In 1986, when Idelson was finishing his last year at Connecticut College – and the Red Sox were beginning the tragic magic of that one-strike-from World-Series-Championship season – he wrote a letter to former big league journeyman Eddie Kasko, who had a position in Boston's front office. Idelson offered to work for free, and volunteered to do anything. Kasko advised him to apply for a meagerly paying job in the Red Sox PR division.

"Going to a liberal arts college and majoring in international economic theory, when Kasko referred to PR, I thought he was talking about Puerto Rico," says Idelson, chuckling. "I really did."

He got the job. And by the time the Red Sox had choked in seven games, Idelson could not only operate, but also repair a copy machine as well as any Xerox technician.

For the next two years, he hung in with baseball, producing and doing some broadcasting for one of the affiliate Red Sox radio stations. Then came one of those road-not-taken moments. He had a side job working in a restaurant near the city, and one of the regulars propositioned him with the manager's position – and very likely a modest partnership piece – at the new eatery he planned to open in Boston. He baited Idelson with triple his current salary. "Will I have to pluck chickens?" Idelson queried. "Being frank, he told me, on occasion, I would. And I passed on his offer."
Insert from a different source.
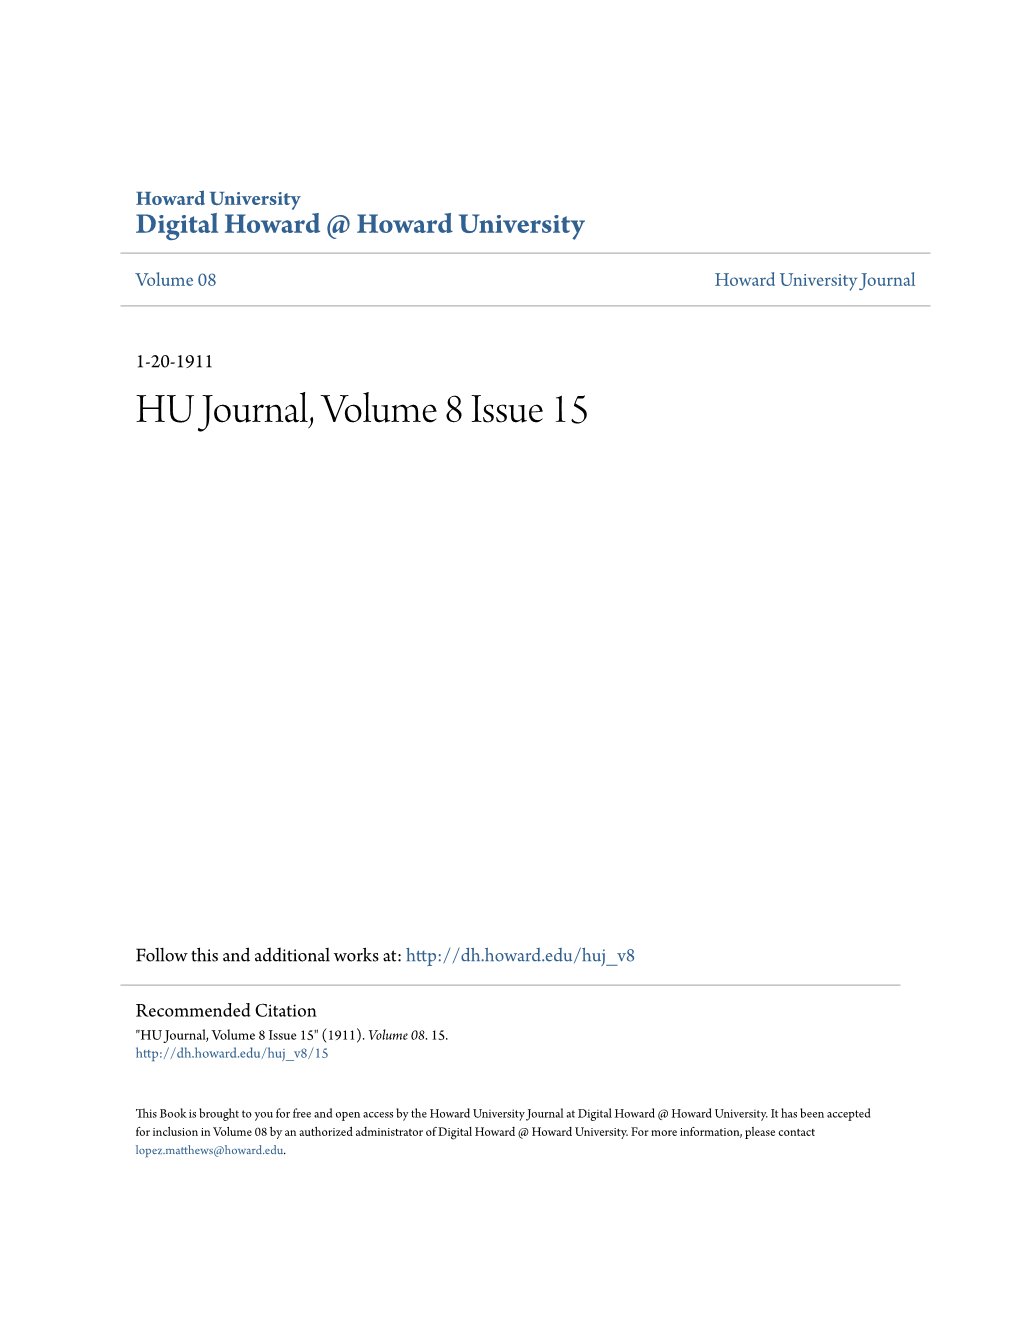 HU Journal, Volume 8 Issue 15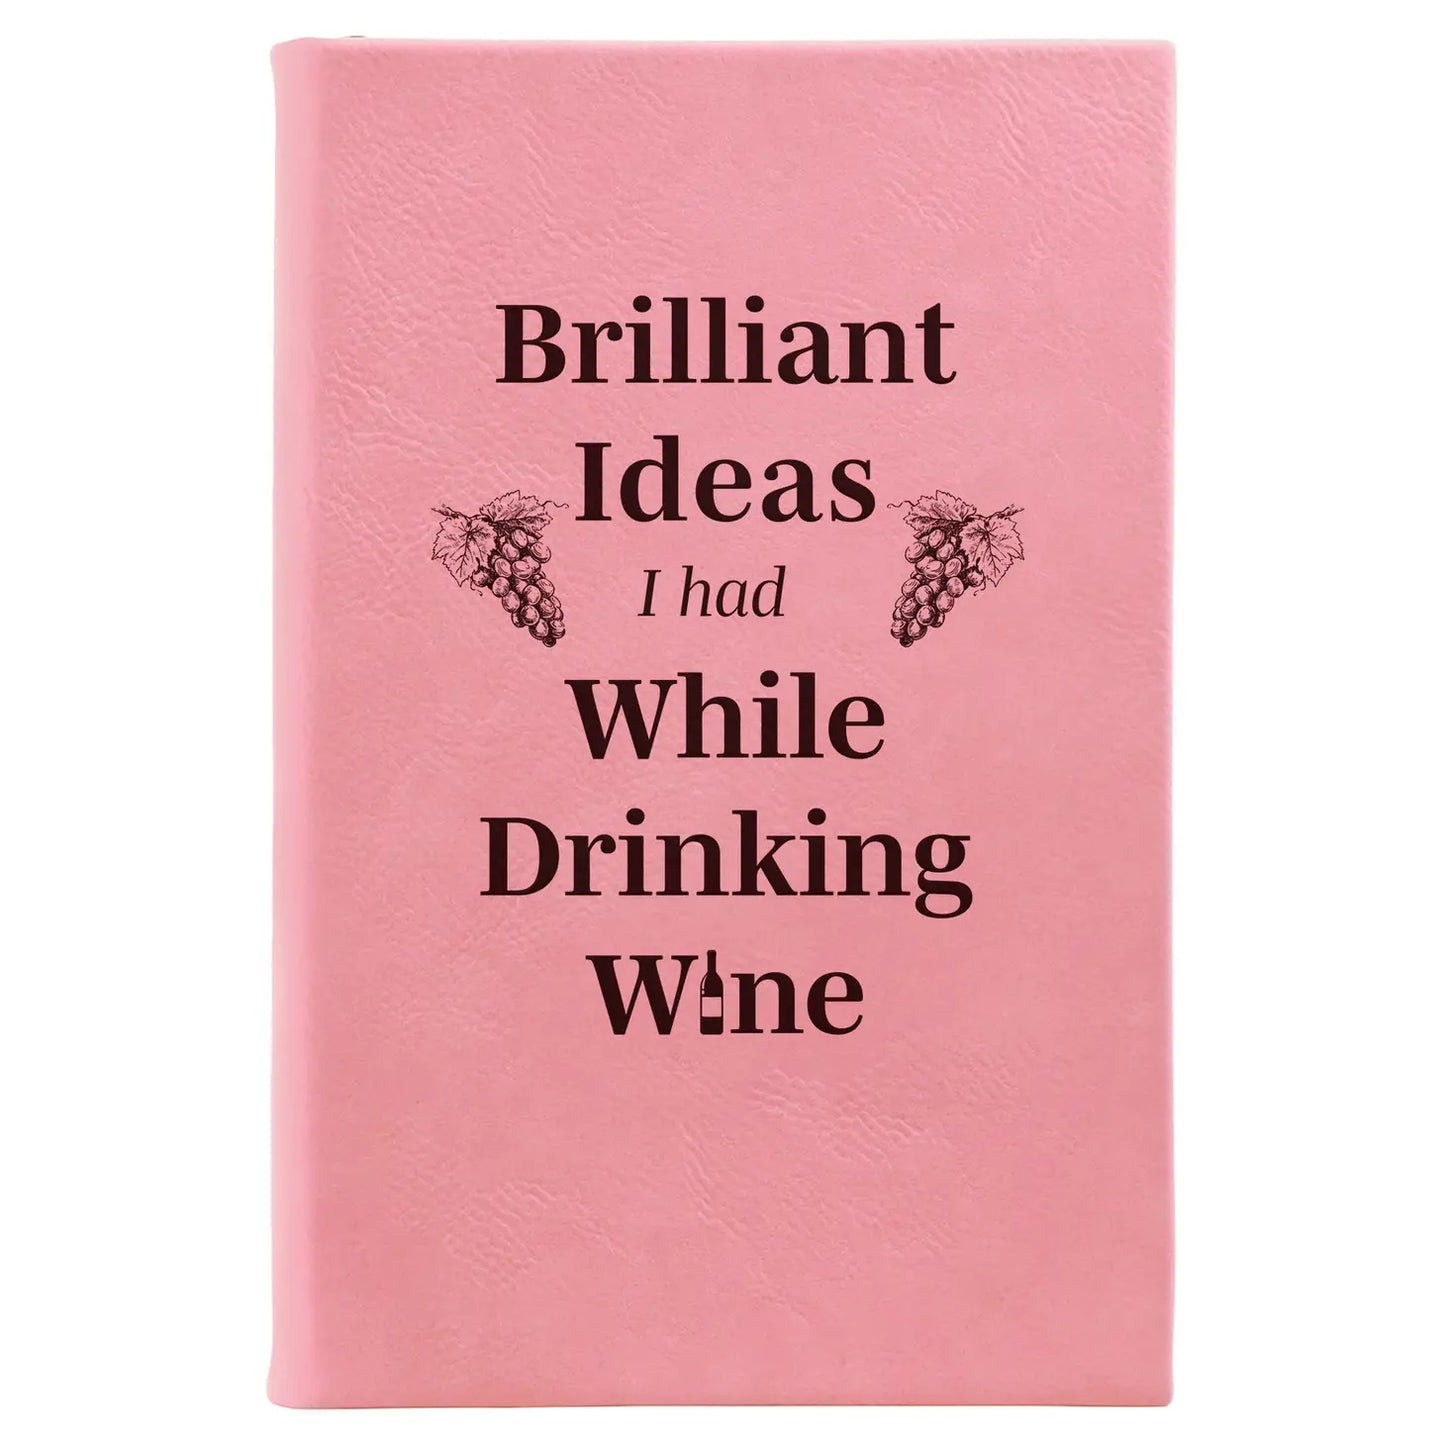 Brilliant Ideas Journal

That restaurant was the first in the Boston Market chain. "If not for the chicken plucking, I probably could have owned my own major team by now," he says, again grinning.

Idelson stood at a crossroads. For a twenty-something kid from a Boston suburb, jobs in Major League Baseball's front offices in 1988 were rare as no-hitters. But after grinding through a number of interviews, he found himself one of two finalists for a pair of assistant jobs in the Baltimore Orioles and New York Yankees media departments. "Of course, growing up in Boston, I was raised to hate the Yankees," he says, "And the other candidate was quite a bit more experienced, and I was sure he'd choose the Yankees, but he went with Baltimore."

Serendipity intervened in the Yankees' front office as it so often does on the field. His boss resigned after Idelson's second month on the job, and at 24, he was promoted to head the media relations department in the most storied and powerful franchise in the game, if not the world.